The use of compact GIS has enabled the closed-packed modeling of switchgears and substations. However, the conducting protrusion contaminations in gas-insulated equipment can remarkably damage the robustness of the insulation. In order to ameliorate the dependability of the GIS, many studies have been produced, presuming the particle motion behavior, as well as particle-activated breakdown attributes in various gas gaps, with and without spacers, under several administered voltage wave shapes [1,2,3,4,5,6,7,8,9].
The impulse breakdown attributes are of rudimentary significance in the insulation coordination in the GIS. The critical voltage wave shapes for the insulation are surge over voltages.
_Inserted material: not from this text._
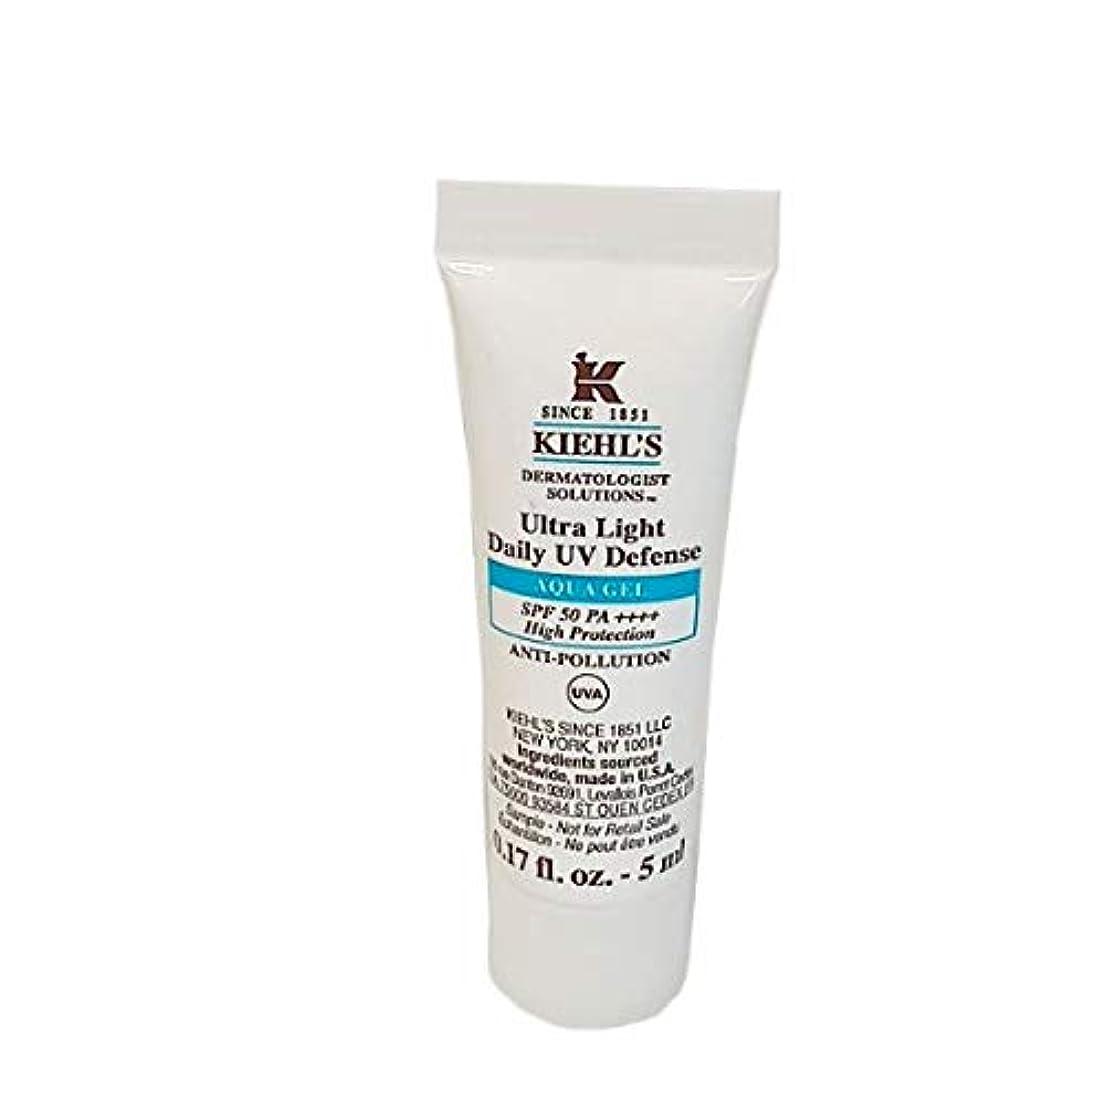 うめき市場トークンKIEHL'S (キールズ ) UVディフェンス アクア ジェル SPF50?PA++++ (5ml) / Kiehl's Ultra Light Daily UV Defense Aqua Gel

Usually, such surges include lightning and switching impulse voltages, and they emerge on the electrical apparatus while it is burdened under DC or AC working voltages. Therefore, during relatively small-time intervals, the undermined devices are exposed to surge voltages superimposed upon the already running DC or AC voltages. In some cases, the amplitude of superimposed voltage is too high, and may cause the malfunction of protection relays, causing tripping. Therefore, from safety point of view, and to provide reliable power to the consumer, we need to study the breakdown characteristics under such over-voltages, with reference to normal operating voltages (DC or AC).
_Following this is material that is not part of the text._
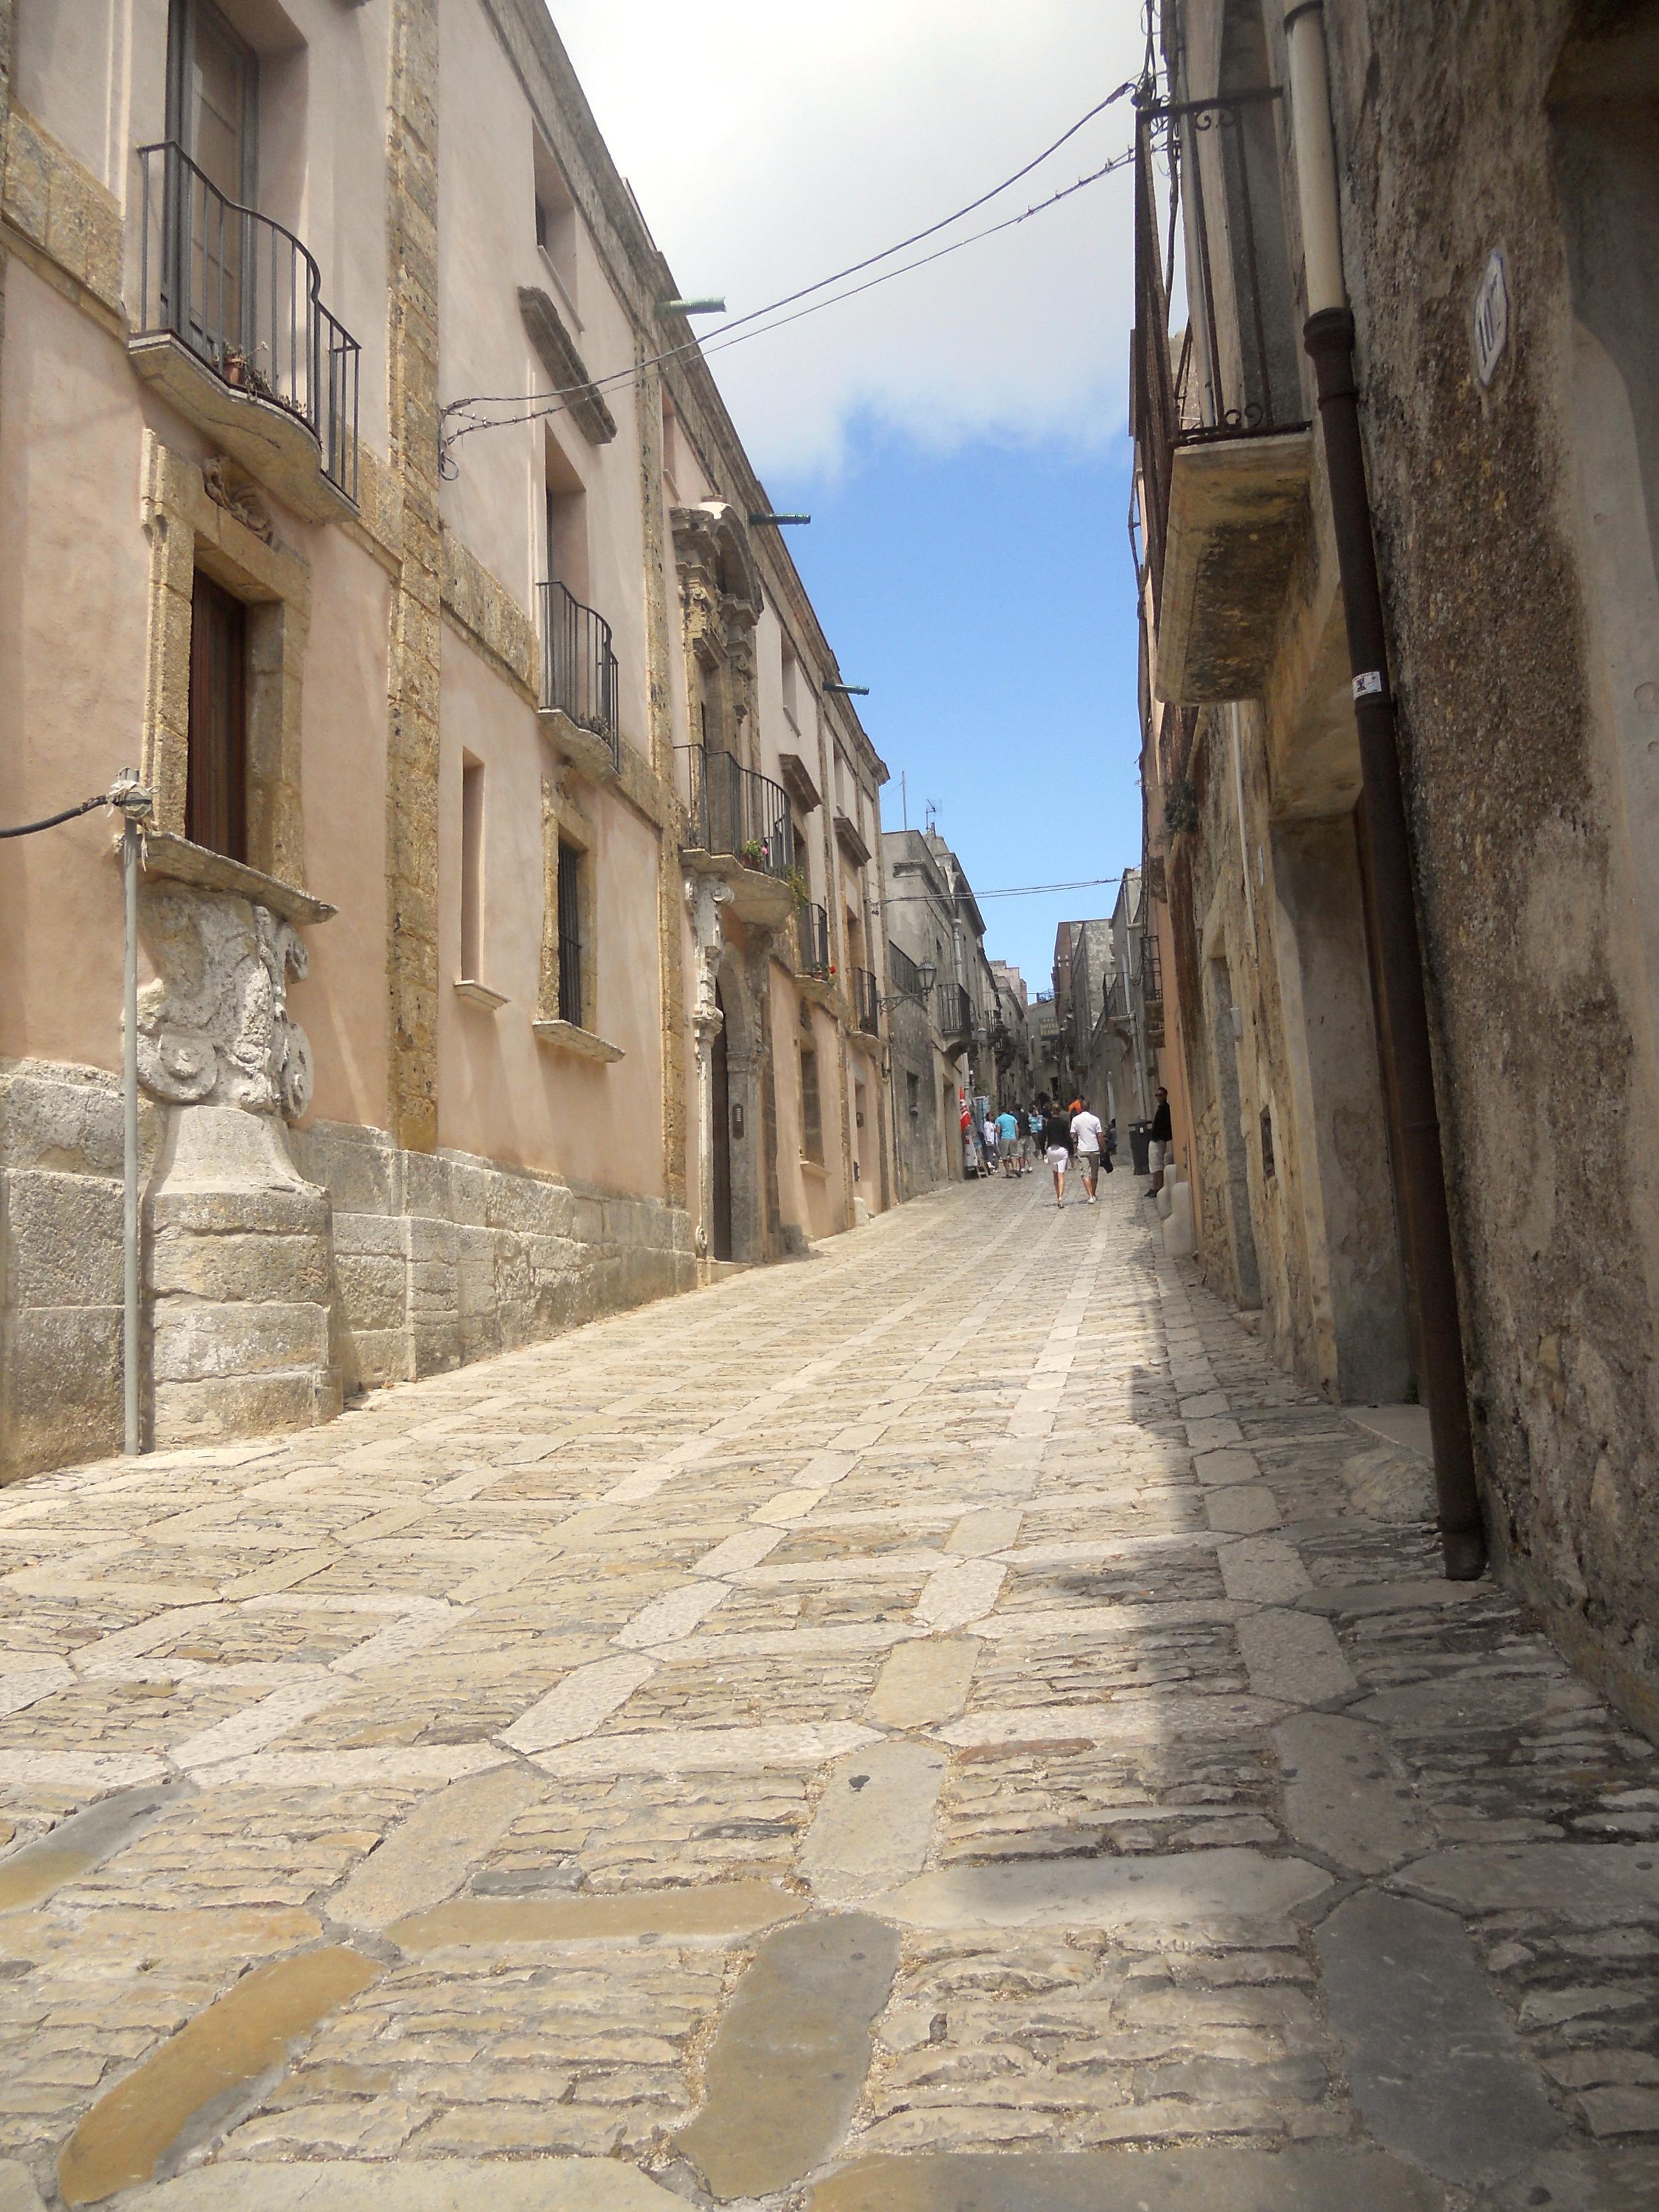 Ericen vanhakaupunki, Sisilia

There has been much research on coronas, as well as the partial discharge and breakdown voltage estimations of standalone DC, AC, and LI on various GIS gas gaps [10,11,12,13,14,15,16]. For example, the association of PD and its phase has been examined under AC voltages, as a way to discern distinct types of faults. Additionally, the PD magnitude and repetition rates are studied to identify the severity of insulation aging. Although PD attributes, with lightning impulses and switching impulses, have also been investigated broadly to inspect the discharge characteristics [1,17,18,19,20], prior studies have mainly concentrated on a single class of voltage, i.e., the DC voltage or impulse voltages, which have been exerted alone, without considering the consequences of a superimposed AC or DC and impulse voltage. Some researchers studied the combined effect experimentally [21,22,23,24,25] but they lack the mathematical modelling that can easily estimate and predict the breakdown under such superimposed voltage conditions. Therefore, it will be meaningful to investigate, systematically, the breakdown activities, with impulse voltages superimposed on a pre-stressed DC voltage for the GIS insulation.
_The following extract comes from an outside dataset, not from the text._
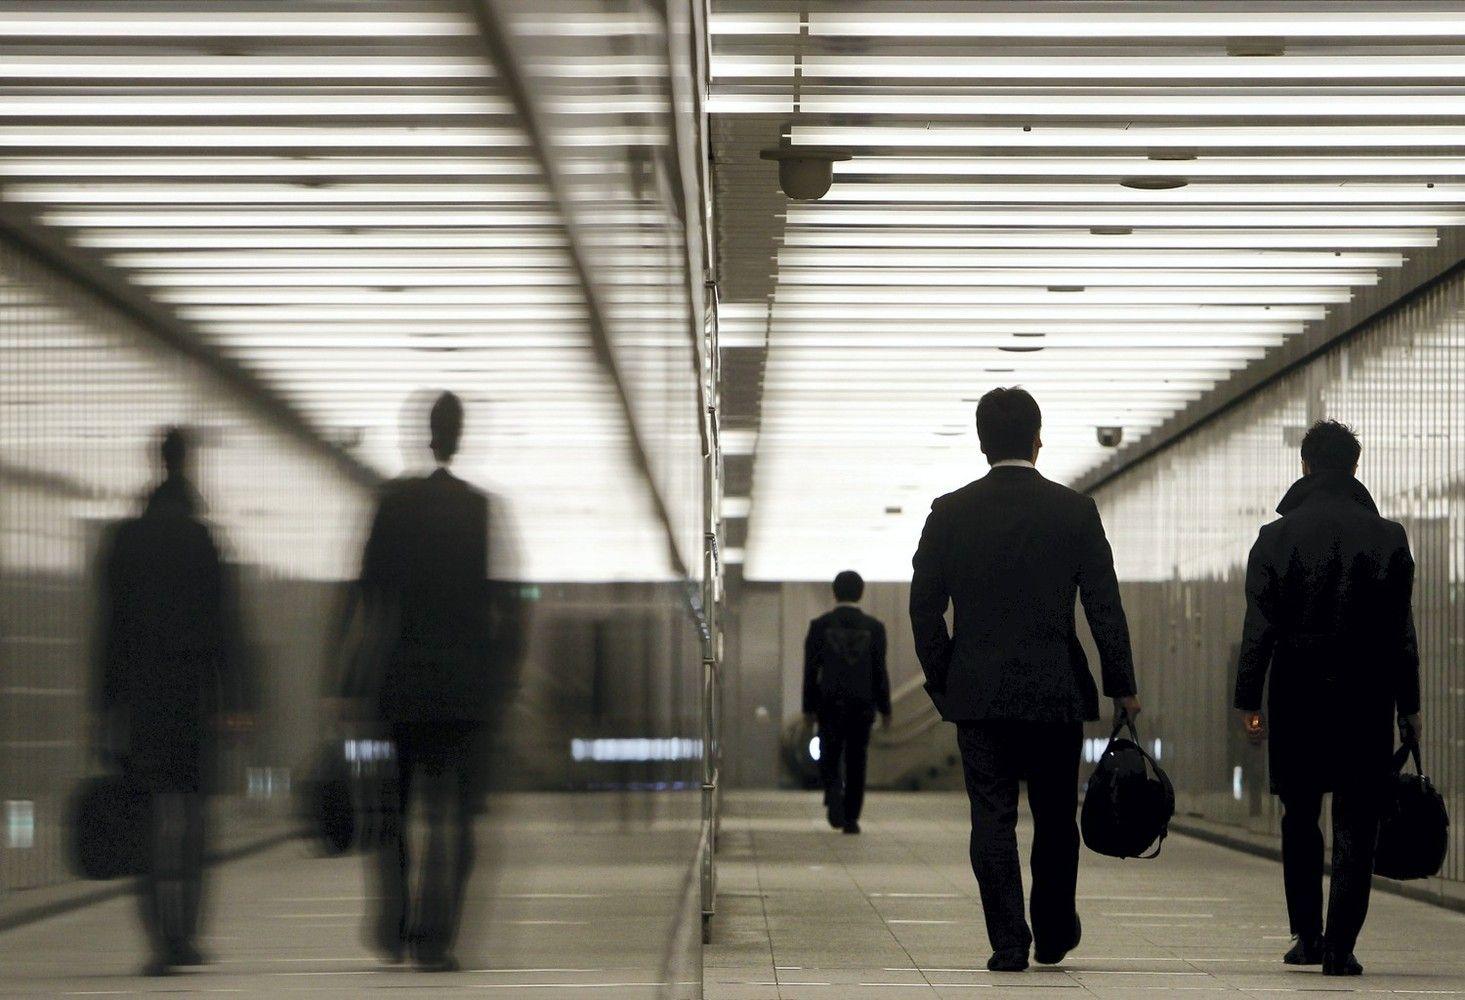 2019 m. įsigalioja pranešėjų apsauga – nauja rizika verslui

Under residual DC voltages, metallic particles can find their way into the space between the disconnectors [26,27,28,29,30]. As a result, the electric field is distorted, and the charge accumulation intensifies. This distortion of the electric field is greatest if the metallic particle is in contact with the high-voltage electrodes. As a result, there is a non-homogenous electric field in the region between the electrodes. These defects in the GIS have the possibility of causing damage to the insulation.
Many researchers have performed experimental studies [21,22,23,24,25,31] in order to find the breakdown characteristics under the superimposed lightning impulses on the pre-stressed DC high-voltages. However, no mathematical modelling was available in the literature in order to estimate and/or validate these experimental results. This highlights the need to design a mathematical model which can estimate and validate the superimposed lightning impulses on the pre-stressed DC breakdown values presented by different researchers [21,31]. Hence, this research is motivated to design an accurate mathematical model that estimates the breakdown of the GIS under superimposed voltages.
In this paper, a mathematical model is developed and presented for the estimation of the breakdown voltage in a typical GIS gas gap under LI, superimposed on pre-stressed DC voltages. The model accurately estimates the breakdown under various combined overvoltage waveforms. The effect of a spacer (without and with contaminating particles) between the electrode gap is also considered. The simulation results are then compared with recent experimental data available in the literature [21,31] and are found to be in good agreement.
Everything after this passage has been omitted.